Two-and-a-half years later, Muppets Most Wanted (B-) is not much of an improvement, although Bobin and co-writer Stoller capture the loose, frantic silliness that can charm kids and kids-at-heart with more confidence. The plot may be more derivative and the jokes over-reliant on pop culture references (and random cameos from a barrage of B-list celebrities – did we really need Celine Dion and Josh Groban?), but there is enough finesse to the fun to refrain from complaints by balcony curmudgeons Statler and Waldorf.

The film begins mere seconds from the end of the 2011 feature, with Kermit (voiced by Steve Whitmire), Missy Piggy (Eric Jacobson) and the gang still celebrating on Hollywood Boulevard. However, the cameras are still rolling and the Muppets soon realize that they are doing a sequel; therefore, in the film’s first (and finest) meta-textual joke, they sing about the kind of sequel they want to make. With The Muppets owned by a Hollywood property (Disney) eager to earn bigger international grosses, Kermit and the gang head on a world tour with a new showcase of talents. Their tour manager, Dominic Badguy – pronounced “Bad-jee” and played by Ricky Gervais – tries to package the felt creatures into quick dollar-making machines (a curiously accurate criticism of show business). Gervais’ dry humour works surprisingly well as a foil to the Muppets’ zaniness.

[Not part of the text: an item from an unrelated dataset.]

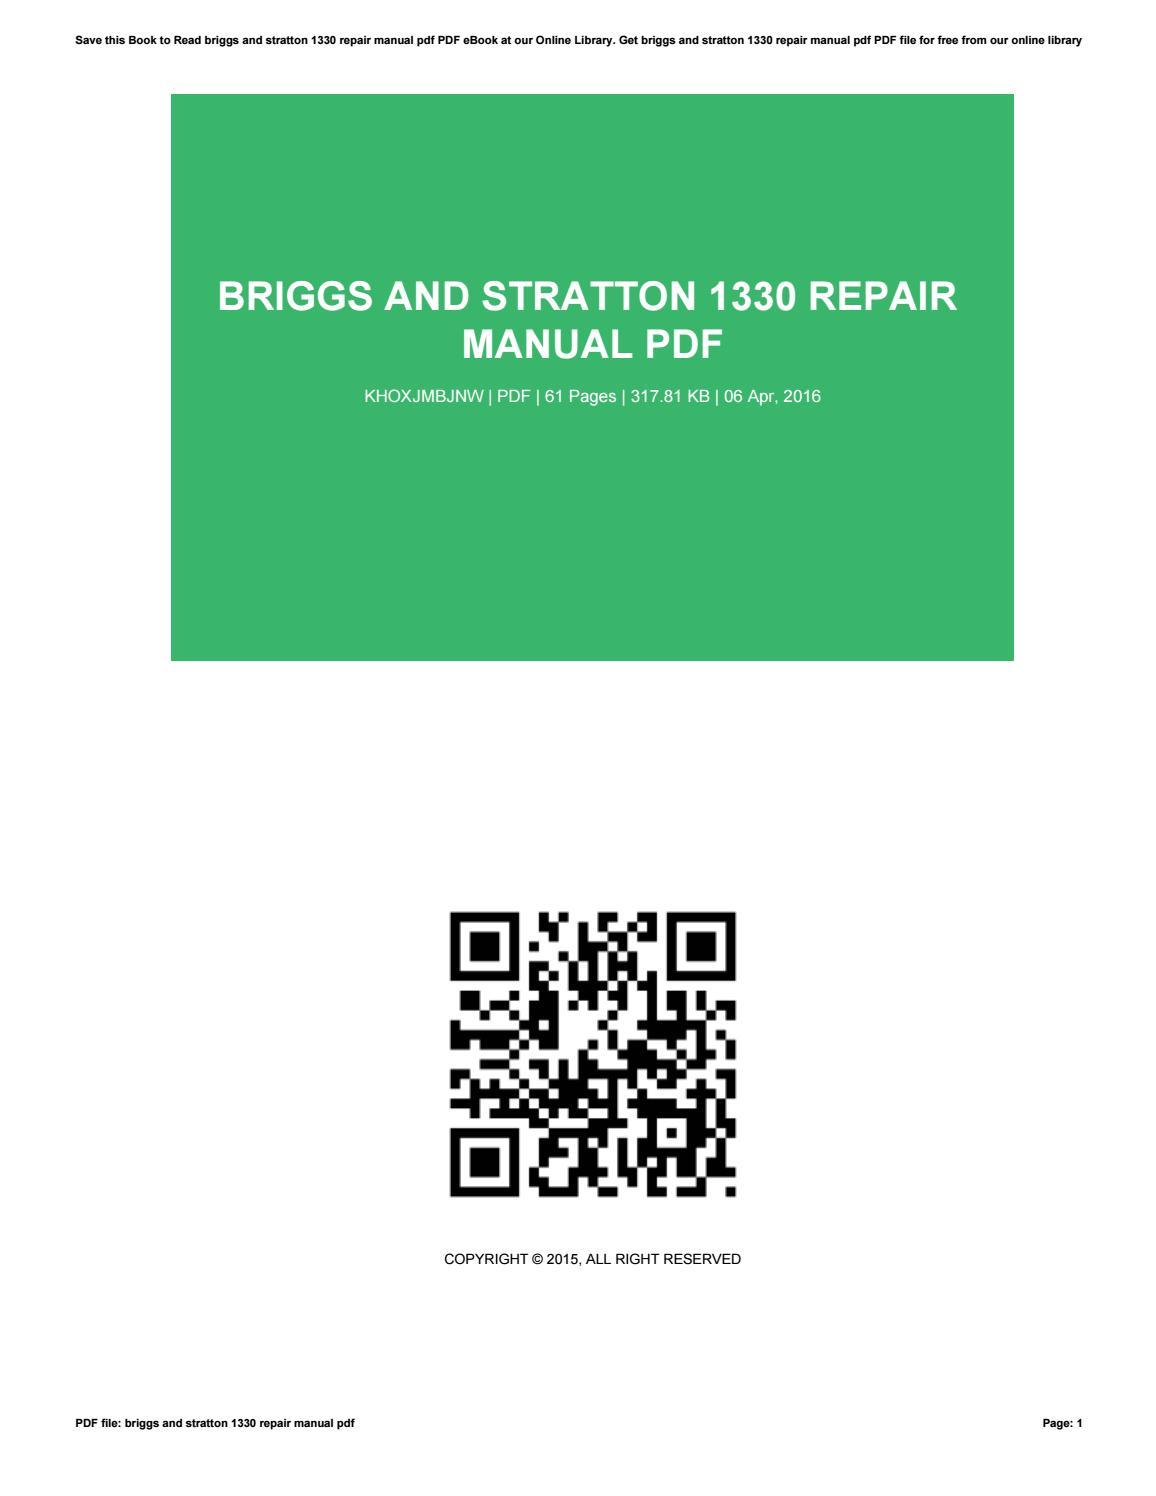 briggs and stratton 1330 repair manual pdf by candelaria issuu rh issuu com briggs and stratton repair manual 1330 pdf Briggs and Stratton Engine Identification

However, the world’s most wanted frog, Constantine (Matt Vogel), escapes from a Russian gulag. A dead ringer for Kermit, although with a black mole above his lip, Constantine switches place with Kermit and banishes the frog M.C. to a Serbian prison. Despite a poor pronunciation of “Kermit” due to his Eastern European dialect, the criminal mastermind takes control over the revamped Muppet Show. With second-in-command Badguy at his side, Constantine uses the tour as a cover to swipe artwork from museums next to the theatres.

Muppets Most Wanted is endearing and energetic for its nearly two-hour running time, even if the songs – courtesy of Bret McKenzie, who won an Oscar for “Man or Muppet” two years ago – are not as sunny or sharp. Gervais, alongside stars Ty Burrell (as a clueless Interpol investigator with a wet Clouseau accent) and Tina Fey (a nice, if not menacing presence as the Gulag’s top guard), add a goofy sense of joy to the proceedings. Unlike the last film and to our benefit, the actors do not upstage the Muppets. The humans are the faithful supporting parts, but the majority of the laughs come from Kermit and company.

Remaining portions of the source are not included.